Chemical changes are beginning to take place. I see A-Mei reflected in a distorted mirror. Her face grows longer, splits into two, then disperses like paint in a pool of water. Then I see Tian Yi, Nuwa, Mou Sen and Sister Gao standing close together with big grins on their faces, waiting for me to take a group photograph. Chen Di and Yu Jin are standing behind them. The scarlet Tiananmen Gate in the background becomes a black silhouette which slowly melts like a scorched negative. That shot was on a roll of film I never got developed. Before the negative completely melts away, the image flashes before me one last time.

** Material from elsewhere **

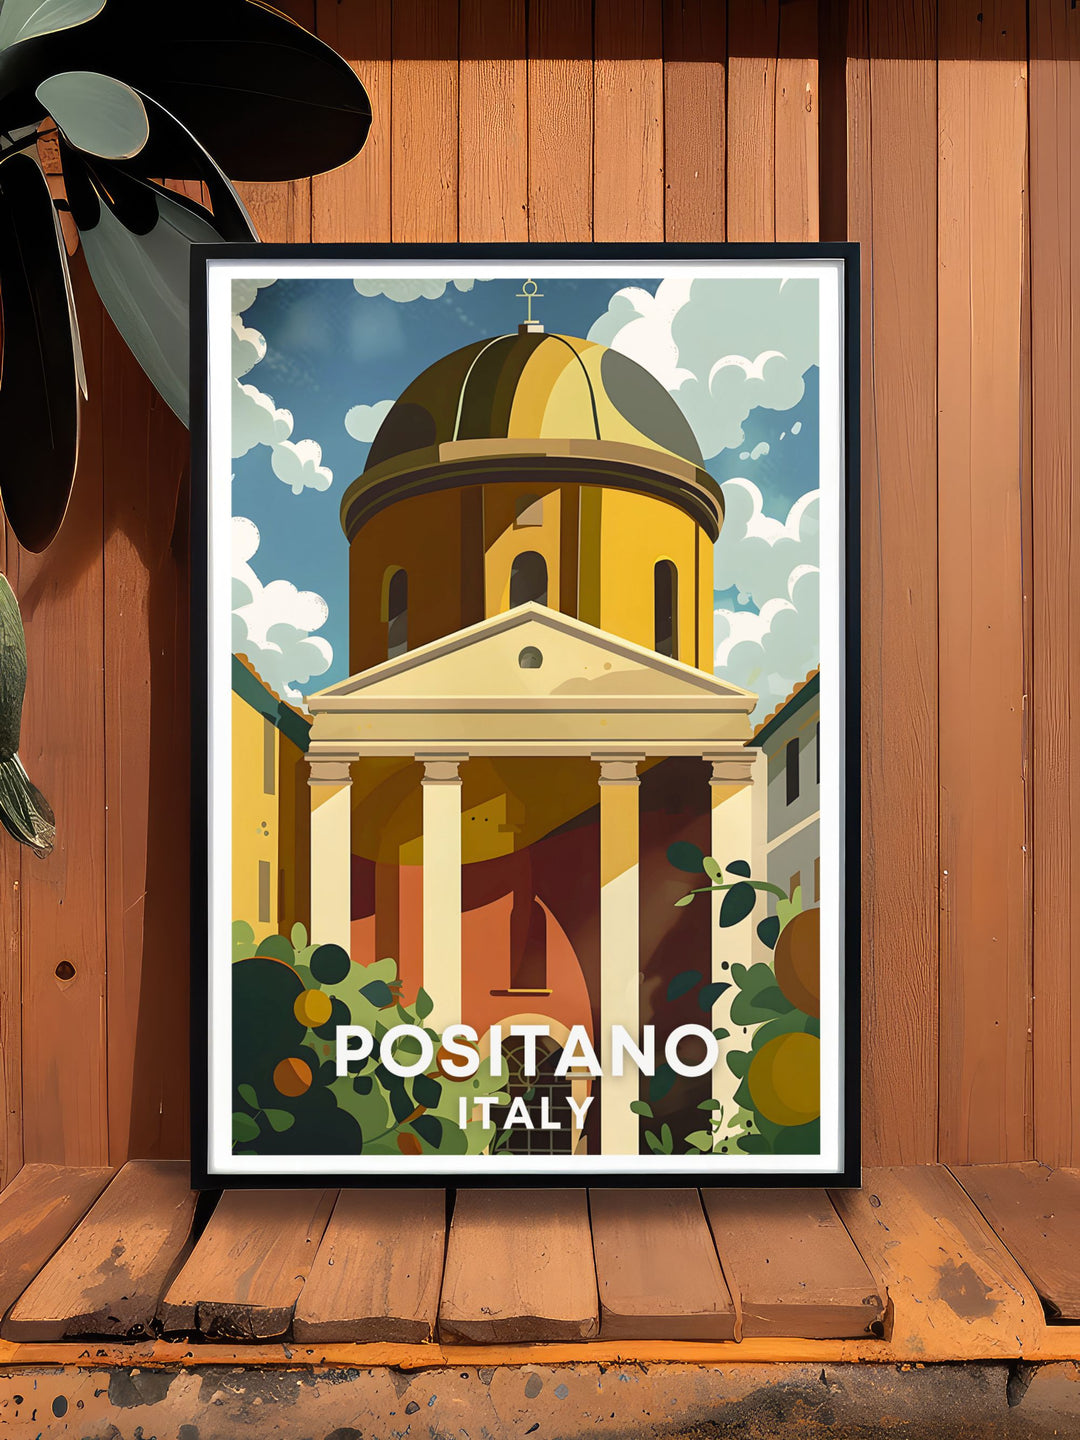 Positano print of The Chiesa di Santa Maria Assunta perfect for home decor this fine print brings the rich history and stunning details of Positano to your walls offering a serene and artistic ambiance to any room

Those memories that seem so sacred will all vanish in the end…
I’d like to go to a hotel bathroom, fill a clean bath with hot water and soak in it until I die… As my mind begins to empty, the mouse suddenly jumps off the chest of drawers that’s crammed with medicine bottles and lands noisily on the ground. It leaps onto my bed, darts up my thigh and stomach and settles on my shoulder. As it flicks its head from side to side in trepidation, its skin rubs against the base of my neck. The sparrow hops off my chest, perches on the bedstead and chirps angrily. The mouse isn’t frightened away, though. It nibbles at my sheet for a while then sinks its teeth into my right earlobe. How wonderful. If it bites through a few blood vessels, I will be dead within a matter of hours. When the police took us to Mount Wutai last year during the 4 June anniversary, a mouse bit my finger and the wound didn’t heal for two months.
Your brain cells course through your dead flesh like streams of lava spewing down a volcano.
A cool draught blows into the room. It feels as though the front door has been opened, but I didn’t hear any noise.
A kid in the yard outside shouts, ‘It’s snowing, Mum. It’s snowing!’ He’s the son of the migrant labourer who’s renting the flat below. I often hear him in the early evening. But it’s morning now. He should be at school.
‘Snow in July! It must be a show of anger from the gods. How can the police lock people in jail for days without notifying their families?’ The man speaking now is the kid’s father. He has a southern accent.
‘I thought someone was blowing soap bubbles,’ another voice says. ‘The flakes are tiny. They melt as soon as they touch the ground. But look, the sky over there is still blue.’
‘The heavens are showing their anger!’ the man says.
‘I’ve heard of snows in August in ancient history. They were seen as signs of the gods’ anger at cases of injustice. But I’ve never heard of it snowing in July before.’
‘It’s uncanny though, that it should snow now, just a few days after the mass arrest of Falun Gong practitioners.’
‘When I went into my kitchen a minute ago, I saw the spring-onion cake I bought this morning was covered in ants. There’s definitely something strange going on.’
‘The government has outlawed Falun Gong. They’ve declared it an evil cult and a threat to social stability. So be careful what you say… The air really does feel unnaturally cool now.’
‘Think about it. In May, the Americans bombed the Chinese Embassy in Belgrade. In June — well we all know what 4 June is the anniversary of. And now in July, Falun Gong has been suppressed. All these events are connected with injustice and death.’
‘I wonder what’s happened to that vegetable upstairs since his mother got arrested. Has anyone been looking after him?’
‘That’s the government’s business, not ours. It’s best if you keep your mouth shut and don’t ask any questions. Look, the snowflakes vanish as soon as they touch the ground.’
‘But he’s been alone for a week now. If he’s dead, we’ll have to report it to the authorities.’
‘Go and tell the public security bureau, then, if you’re feeling so brave.’